The application of data-mining techniques to any data requires close collaboration with the domain specialists, as well as the visualization group (for visualization of the data, preprocessing results before application of the techniques, as well as the model results) and the workflow team, especially in view of the fact that other datasets with different characteristics and much larger sizes will be investigated in the future.

# Data mining techniques under consideration¶

## Summarization Techniques¶

## Predictive techniques¶

## Descriptive approaches/ clustering (Sabine)¶

## Outlier detection¶

## Pattern detection, including functional dependencies (Pascal)¶

## Techniques for streaming data¶

## Incremental approaches¶

## Approximation techniques¶

## Distributed approaches¶

## Parallel techniques (Sabine)¶

## Active learning / Semi-supervised techniques¶

Active learning [1] is a form of supervised machine learning in which a learning algorithm is able to interactively query the user (or some other information source) to obtain the desired outputs at new data points. In statistics literature it is sometimes also called optimal experimental design.

There are situations in which unlabelled data is abundant but manually labelling it is expensive. In such a scenario, learning algorithms can actively query the user/teacher for labels. This type of iterative supervised learning is called active learning. Since the learner chooses the examples, the number of examples to learn a concept can often be much lower than the number required in normal supervised learning. With this approach, there is a risk that the algorithm be overwhelmed by uninformative examples.

In this project we will use two different active learning approaches:

Guided search (model disambiguation):- Since we do not have enough information to decide which model is better, predict the rest of the rows with all the models.
- Compute the minimum set of observations that will allow deciding which model is better (set with maximum divergence of predictions between models).
- Inform astronomers of them so that we can have more informative results quickly.
- Once new data is available, retrain all models and check if there is some improvement.
- Iterate until a model reaches a desired classification accuracy or no progress is shown in any model.

- This is the dual strategy to Guided Search.
- Compute the set of predictions for which most models agree on the predictions.

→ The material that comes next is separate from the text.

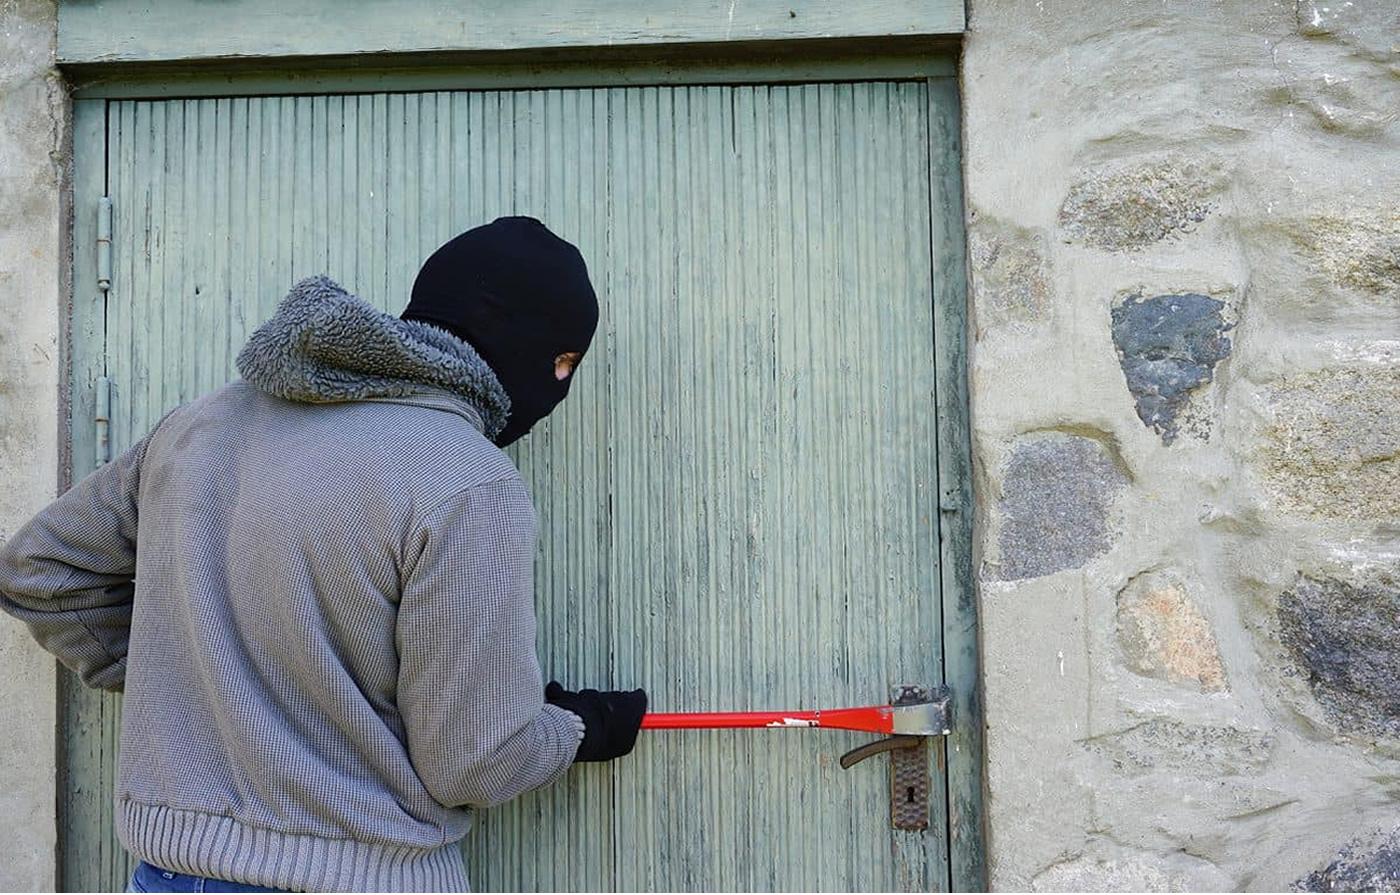 Robberies - house break ins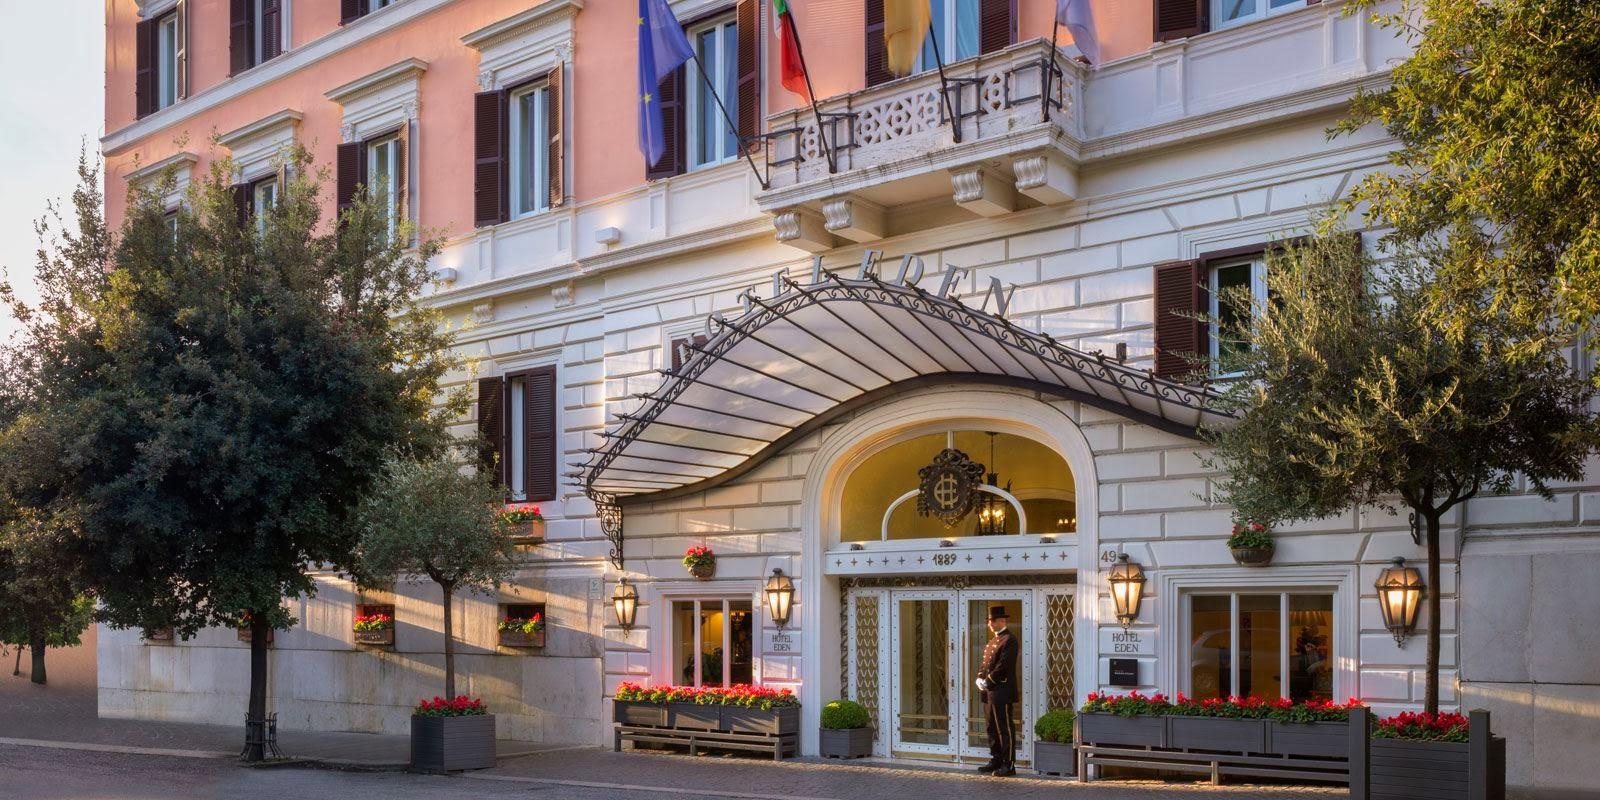 Passion for luxury luxurious hotel eden rome italy - Hotel eden en roma ...

The idea is that a prediction error found in these predictions will have an impact on most of the classifiers. Positive predictions with consensus might be already of interest!
- Inform astronomers of them so that we can have the real values of the predictions.
- Once new data is available, retrain all models and check if there is some improvement.
- Iterate until a model reaches a desired classification accuracy or no progress is shown in any model.

References:

[1] B. Settlers, Active learning, Synthesis Lectures on Artificial Intelligence and Machine Learning

Morgan and Claypool Publishers, June 2012, 114 pages.

# Cost model and Evaluation of Results¶

One particular challenge to be addressed is the need for a cost model that takes into account the (known) algorithmic complexities of all techniques, the characteristics of the data, and the computational environment. While this is less relevant for small datasets and/or less complex techniques, it is required for analysis of Big Data, and even for the application of complex techniques to medium-sized datasets, given the interactive nature of the data-mining process. Part of this process is the evaluation of the computational environment, which can range from machines with a small number of cores to large distributed enironments, possibly supported by accelerator architectures. Furthermore, the software environment will have to be taken into account (Weka, R, code written in compiled language such as C, etc)

In addition, we will have to determine which measures to use for the evaluation of results of individual models, and for comparison of models. Existing measures such as classification accuracy, precision, recall, ROC curves, etc are sufficient for small data, but may require some addition/modification for the use with Big Data. One particular interesting aspect of this project is also the visualization of the model results, which can guide the evaluation process as well.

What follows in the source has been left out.